### [WHAT YOU WILL DO]
Using the listing below, print exactly everything from the line with "Number of lights: 15-light bulb sockets: E14" down to the line with "Montgolfiè Empire sac a pearl", both included, and nothing more.

### [DATA EXTRACTS]

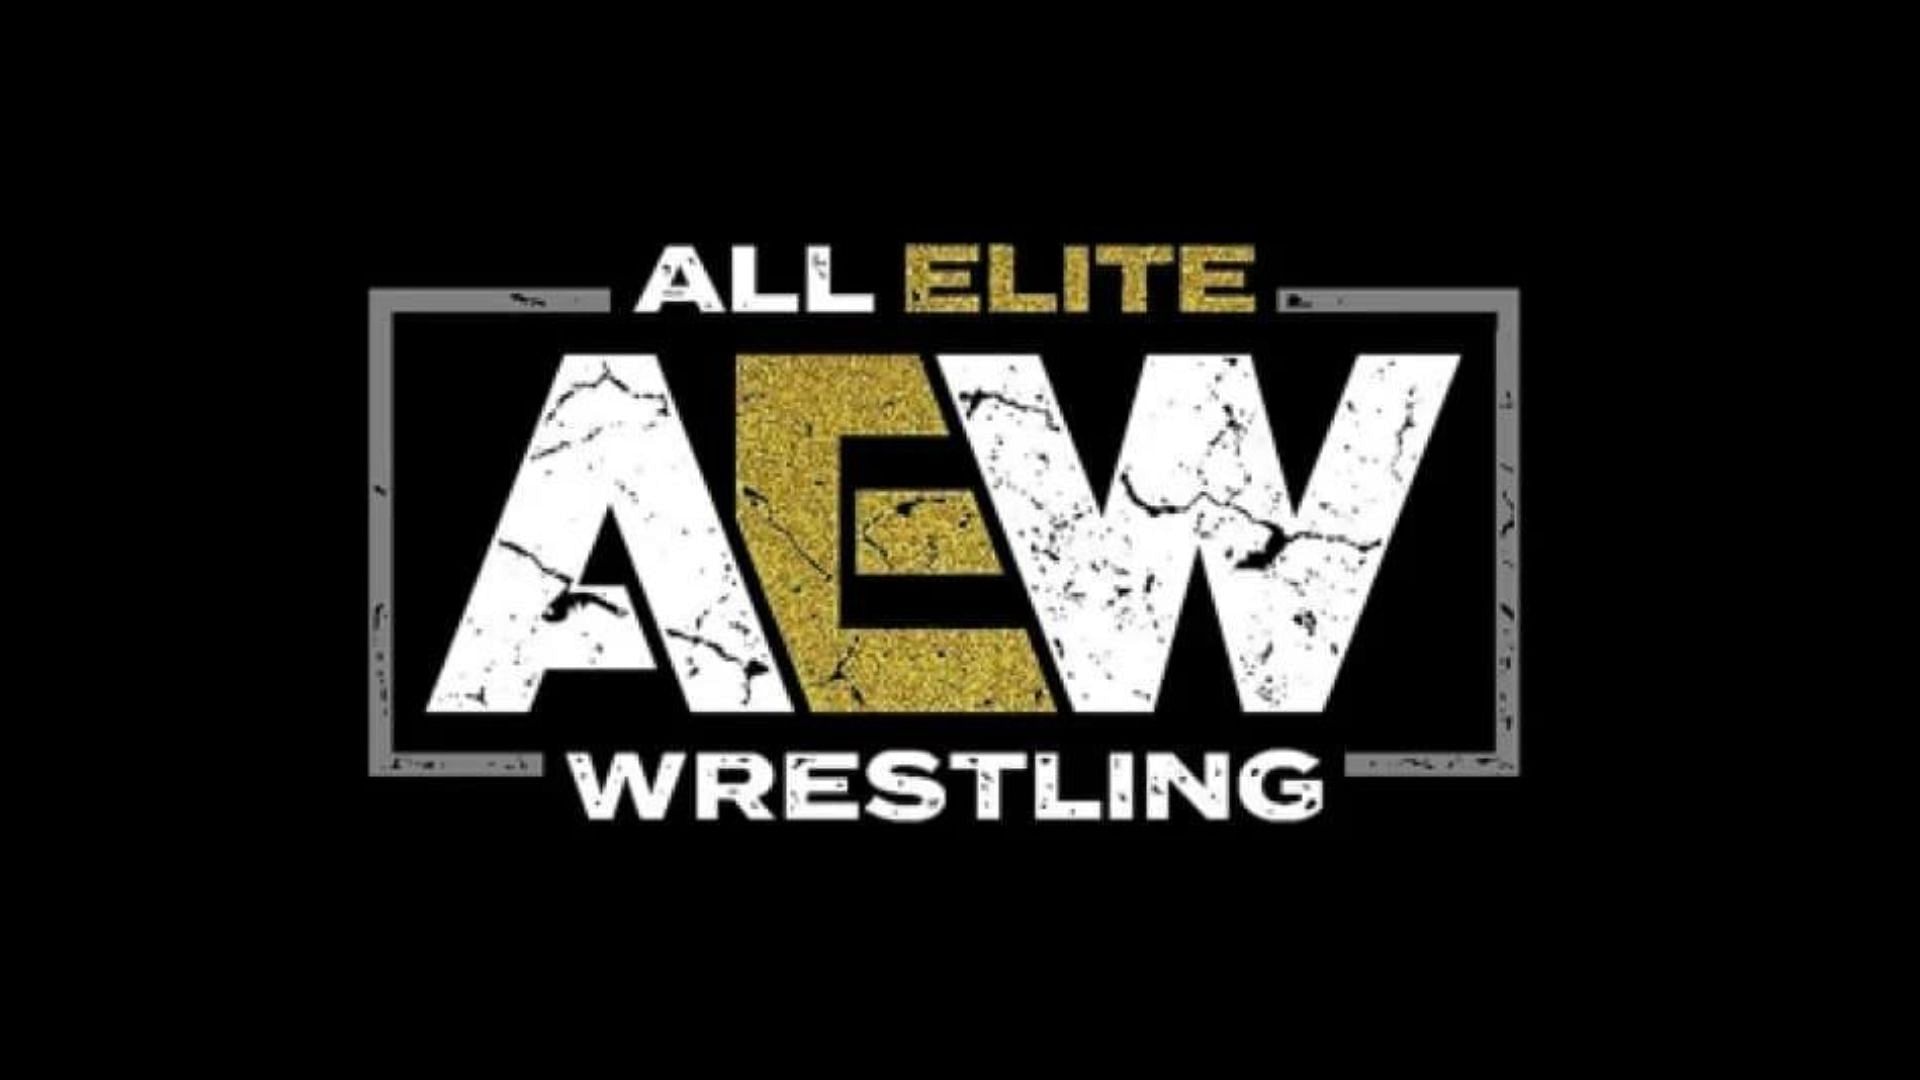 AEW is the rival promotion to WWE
==
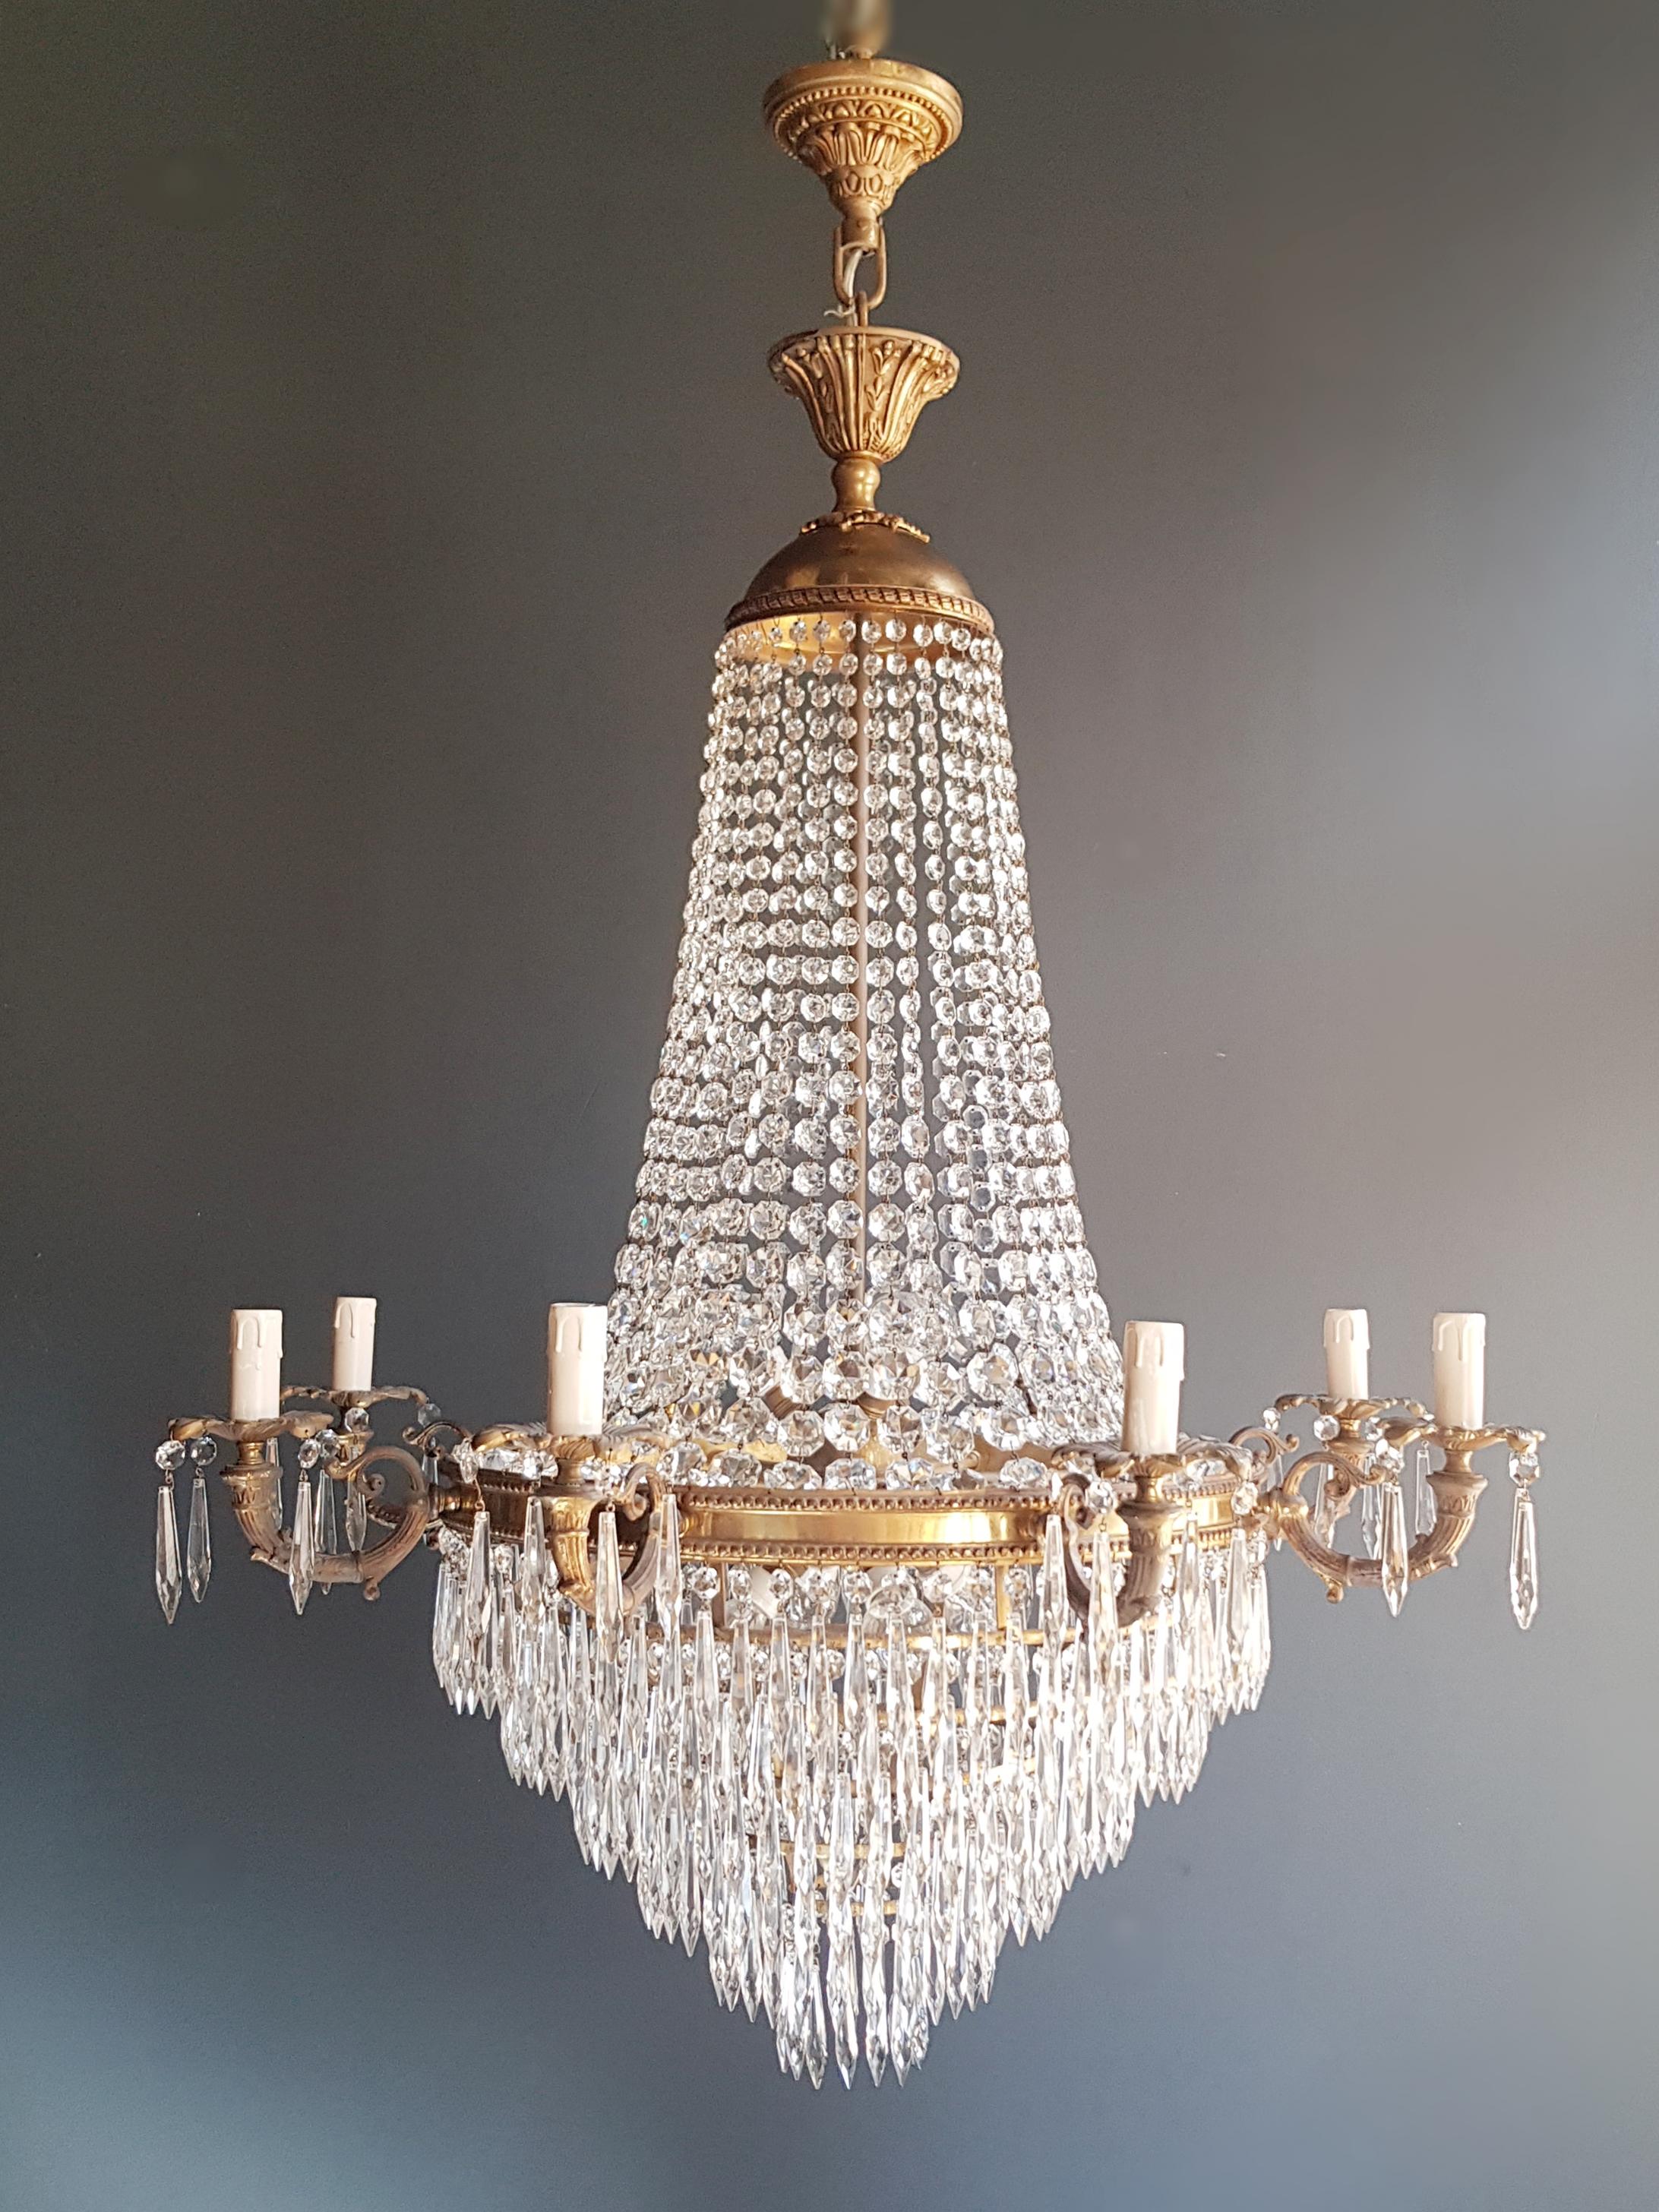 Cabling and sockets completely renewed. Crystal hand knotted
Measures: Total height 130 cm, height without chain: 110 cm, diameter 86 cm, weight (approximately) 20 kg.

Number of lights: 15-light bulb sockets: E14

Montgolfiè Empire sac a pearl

### [RESULT]
Number of lights: 15-light bulb sockets: E14

Montgolfiè Empire sac a pearl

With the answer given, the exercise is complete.